● **TASK ITEM**
From the records below, output exactly the lines running from the line containing "Kongis Harvest" through the line containing "Övrigt: Foto datum: 4/5", and no others.

● **TASK INPUTS**
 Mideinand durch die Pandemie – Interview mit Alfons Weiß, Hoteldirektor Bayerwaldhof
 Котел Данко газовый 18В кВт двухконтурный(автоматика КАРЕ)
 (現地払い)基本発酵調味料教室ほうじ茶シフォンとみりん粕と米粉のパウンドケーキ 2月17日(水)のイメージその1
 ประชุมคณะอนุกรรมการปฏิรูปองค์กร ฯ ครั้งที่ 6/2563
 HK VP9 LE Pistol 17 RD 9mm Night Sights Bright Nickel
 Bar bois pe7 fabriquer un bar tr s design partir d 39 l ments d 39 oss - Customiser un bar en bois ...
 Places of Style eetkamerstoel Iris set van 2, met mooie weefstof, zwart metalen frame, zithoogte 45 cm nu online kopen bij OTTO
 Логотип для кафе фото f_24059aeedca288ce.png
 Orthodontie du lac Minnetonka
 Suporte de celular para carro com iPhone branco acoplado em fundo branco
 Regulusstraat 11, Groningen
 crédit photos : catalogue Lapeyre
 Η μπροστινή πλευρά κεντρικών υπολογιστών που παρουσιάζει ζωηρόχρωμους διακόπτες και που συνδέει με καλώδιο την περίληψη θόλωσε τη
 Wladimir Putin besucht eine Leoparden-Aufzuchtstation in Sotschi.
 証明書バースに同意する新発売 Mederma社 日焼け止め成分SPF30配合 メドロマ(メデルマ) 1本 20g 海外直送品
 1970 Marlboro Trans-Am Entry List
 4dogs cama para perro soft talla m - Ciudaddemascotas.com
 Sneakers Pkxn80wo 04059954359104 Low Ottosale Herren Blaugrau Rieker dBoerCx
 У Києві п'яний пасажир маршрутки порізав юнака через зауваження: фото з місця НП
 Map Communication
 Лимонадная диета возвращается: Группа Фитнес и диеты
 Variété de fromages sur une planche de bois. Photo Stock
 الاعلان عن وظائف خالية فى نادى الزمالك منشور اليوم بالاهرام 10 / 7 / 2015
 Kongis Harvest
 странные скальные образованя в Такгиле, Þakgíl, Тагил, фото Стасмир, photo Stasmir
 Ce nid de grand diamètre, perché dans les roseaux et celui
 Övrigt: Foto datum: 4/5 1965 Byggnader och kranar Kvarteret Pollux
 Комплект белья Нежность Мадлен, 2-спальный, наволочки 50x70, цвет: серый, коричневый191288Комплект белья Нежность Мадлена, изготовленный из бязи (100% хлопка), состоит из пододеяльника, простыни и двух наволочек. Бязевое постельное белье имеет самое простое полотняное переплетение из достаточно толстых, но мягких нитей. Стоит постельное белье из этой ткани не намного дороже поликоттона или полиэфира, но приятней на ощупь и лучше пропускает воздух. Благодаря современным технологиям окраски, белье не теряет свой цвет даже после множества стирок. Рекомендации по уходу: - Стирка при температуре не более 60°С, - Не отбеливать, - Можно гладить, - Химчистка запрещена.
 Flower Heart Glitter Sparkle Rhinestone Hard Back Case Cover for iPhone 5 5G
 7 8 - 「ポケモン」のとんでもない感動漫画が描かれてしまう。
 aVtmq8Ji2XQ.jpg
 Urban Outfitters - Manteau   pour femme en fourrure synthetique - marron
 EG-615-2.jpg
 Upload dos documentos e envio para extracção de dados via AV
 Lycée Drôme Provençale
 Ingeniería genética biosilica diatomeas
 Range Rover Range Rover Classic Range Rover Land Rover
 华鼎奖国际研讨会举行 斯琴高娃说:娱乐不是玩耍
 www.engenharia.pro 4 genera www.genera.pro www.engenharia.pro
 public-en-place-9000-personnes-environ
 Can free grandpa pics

● **SOLUTION TO THIS PROBLEM**
 Kongis Harvest
 странные скальные образованя в Такгиле, Þakgíl, Тагил, фото Стасмир, photo Stasmir
 Ce nid de grand diamètre, perché dans les roseaux et celui
 Övrigt: Foto datum: 4/5 1965 Byggnader och kranar Kvarteret Pollux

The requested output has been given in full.